A couple of thoughts for you -
First, are there specific things that are causing stress or problems? Maybe there are some things we can help with? I know, with mine, we stick to a very predictable routine so that they're know what to expect and all sort of fall into line.. Just as an example. Maybe those of us who have a gang can share how we wrangle them all? Overall, it can be overwhelming, but if you feel you can address the challenges one at a time it might help.
Second, how old are they now? I saw a huge difference when mine hit a year and a half to two years old. They really calmed down. Still playful but less crazy. You may still be in the crazy adolescent years and might see big changes if you can hang in a little while.
Third, I agree that having three might not be so different from having four. Having two is manageable, but I didn't find a big difference between three and four. Three is still a little gang.
I think you should really take your time in thinking it through so that you don't have any regrets later.

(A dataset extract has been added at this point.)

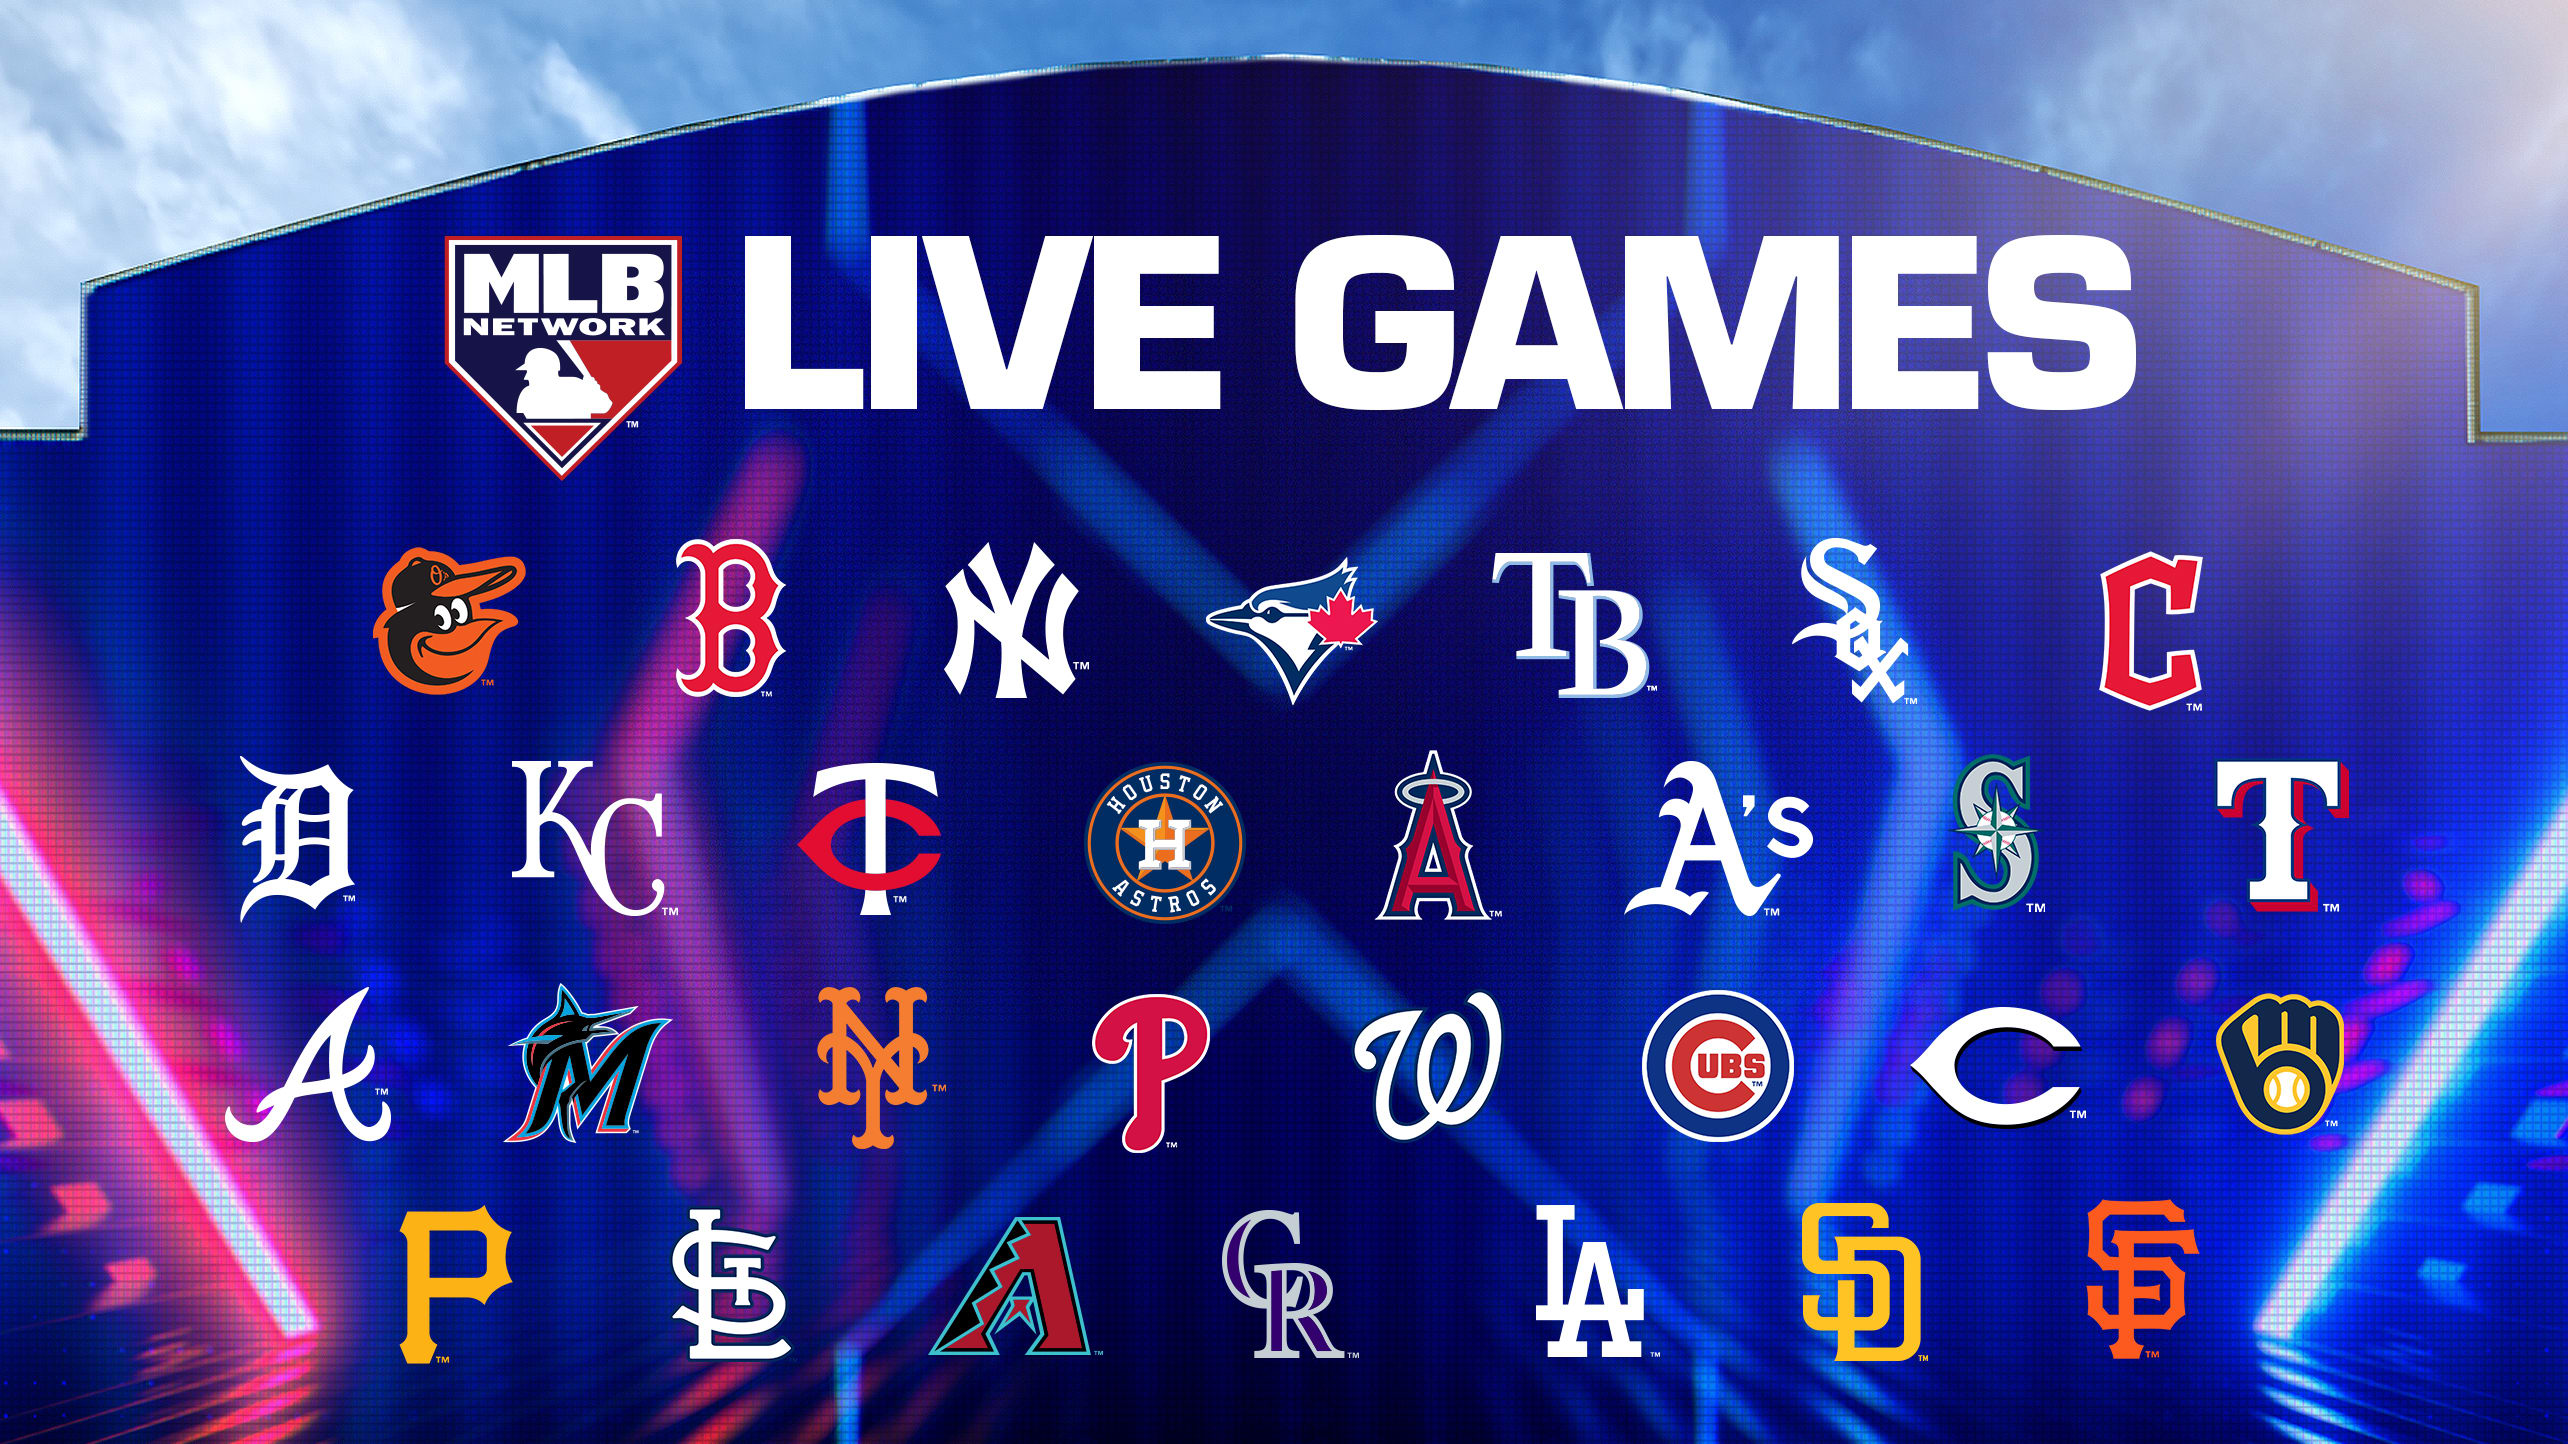 MLB Network live games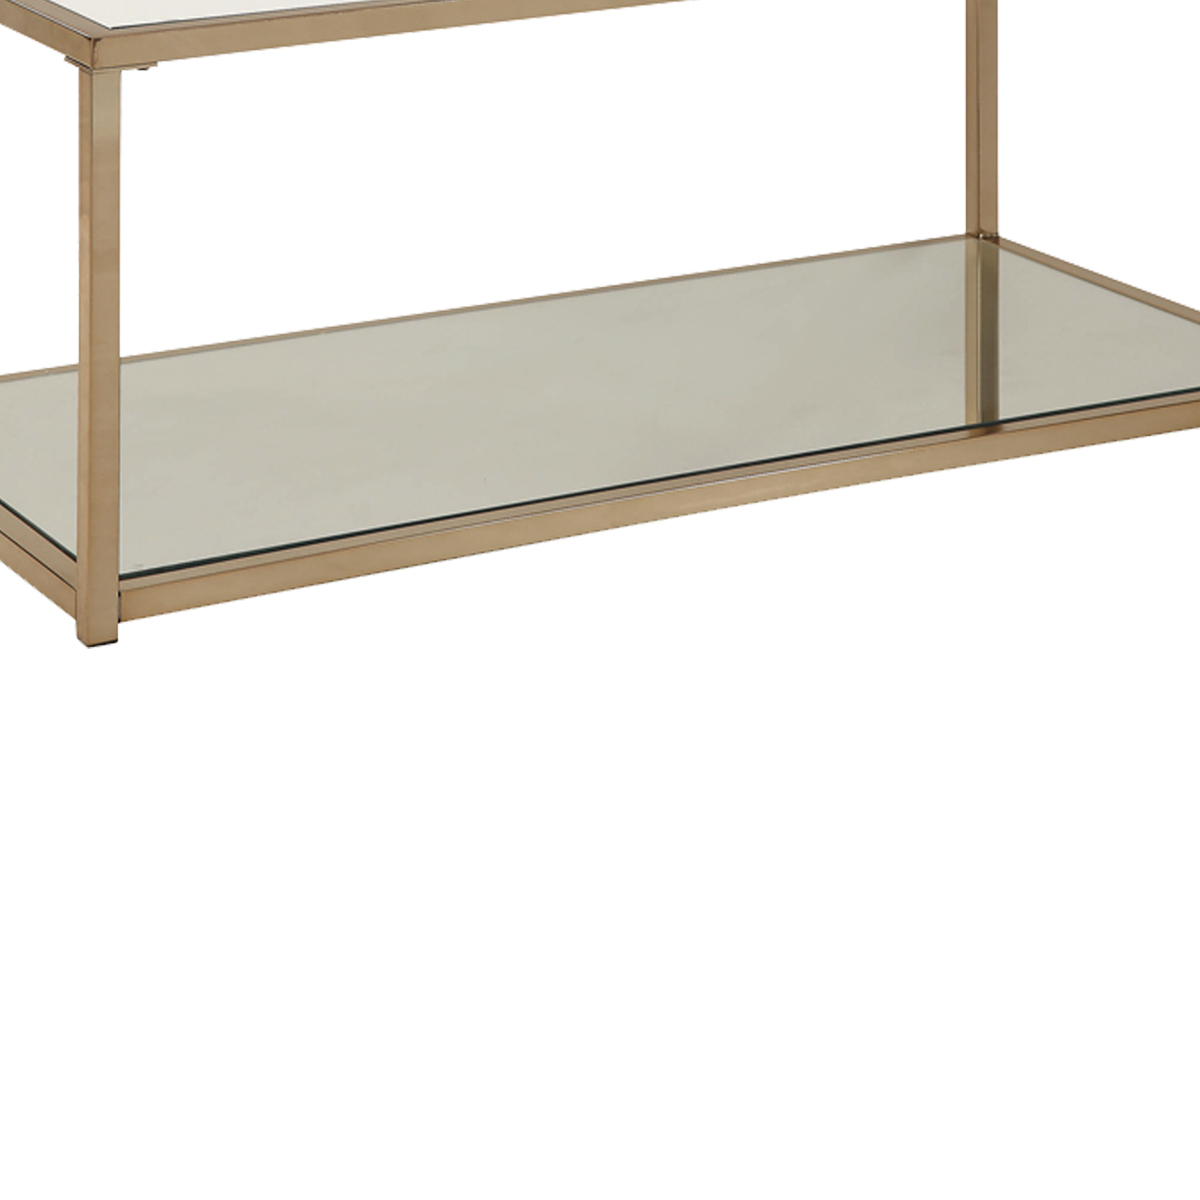 Glass Top Coffee Table With Metal Frame And Open Shelf, Brass- Saltoro Sherpi

Personally I would have a really hard time splitting them up at this point, especially just one. But you have to do what is best for your family and for the dogs,.
Having three of four will always be a lot of work. I don't mind because they bring us so much happiness, but I sure can understand how it could be too much. Please let us know if there are any challenges that we can try to help with.


----------



## Dominic (Nov 4, 2012)

Unfortunately I can't watch the video right now to see what are the reasons but I can tell you, as I have 4, that there is no difference on having 3 or 4. We stick with a routine here, have 2 play pens and 2 crates and they love being on their "condo" when we need a time out. My youngest is 1.5 years old and my oldest is 4 years old, I find that if they have two 30 min play sessions a day, they most like to sleep and walk around playing with their toys when I am doing my things. 
Good luck on your decision.


----------



## Kathleen (Aug 4, 2011)

We find having a couple of small pens invaluable too if they need to be separated for eating or for quiet time. Mine love them too - they don't even realize it when they are in a "time out."


----------



## Furbabies mom (Jul 25, 2011)

Kathleen said:


> Joe, so sorry your family is struggling.
> I have four young ones myself and they can be a handful.
> A couple of thoughts for you -
> First, are there specific things that are causing stress or problems? Maybe there are some things we can help with? I know, with mine, we stick to a very predictable routine so that they're know what to expect and all sort of fall into line.. Just as an example. Maybe those of us who have a gang can share how we wrangle them all? Overall, it can be overwhelming, but if you feel you can address the challenges one at a time it might help.
> ...


I believe that your youngest ones are still young, and like Katleen said, there is a world of difference in a 6-9 month dog and one that's over a year. If you keep all four you'll see a calmer atmosphere as they get older. After mine were up for awhile, ate, got groomed and played awhile, they have been sleeping . I got them up to change belly bands and give them a snack. They'll sleep on and off until dinner and I'm off work and then we'll play and go out. 

It does get better, :wub:


----------



## silverhaven (Sep 6, 2009)

Sounds like you are between a rock and a hard place. 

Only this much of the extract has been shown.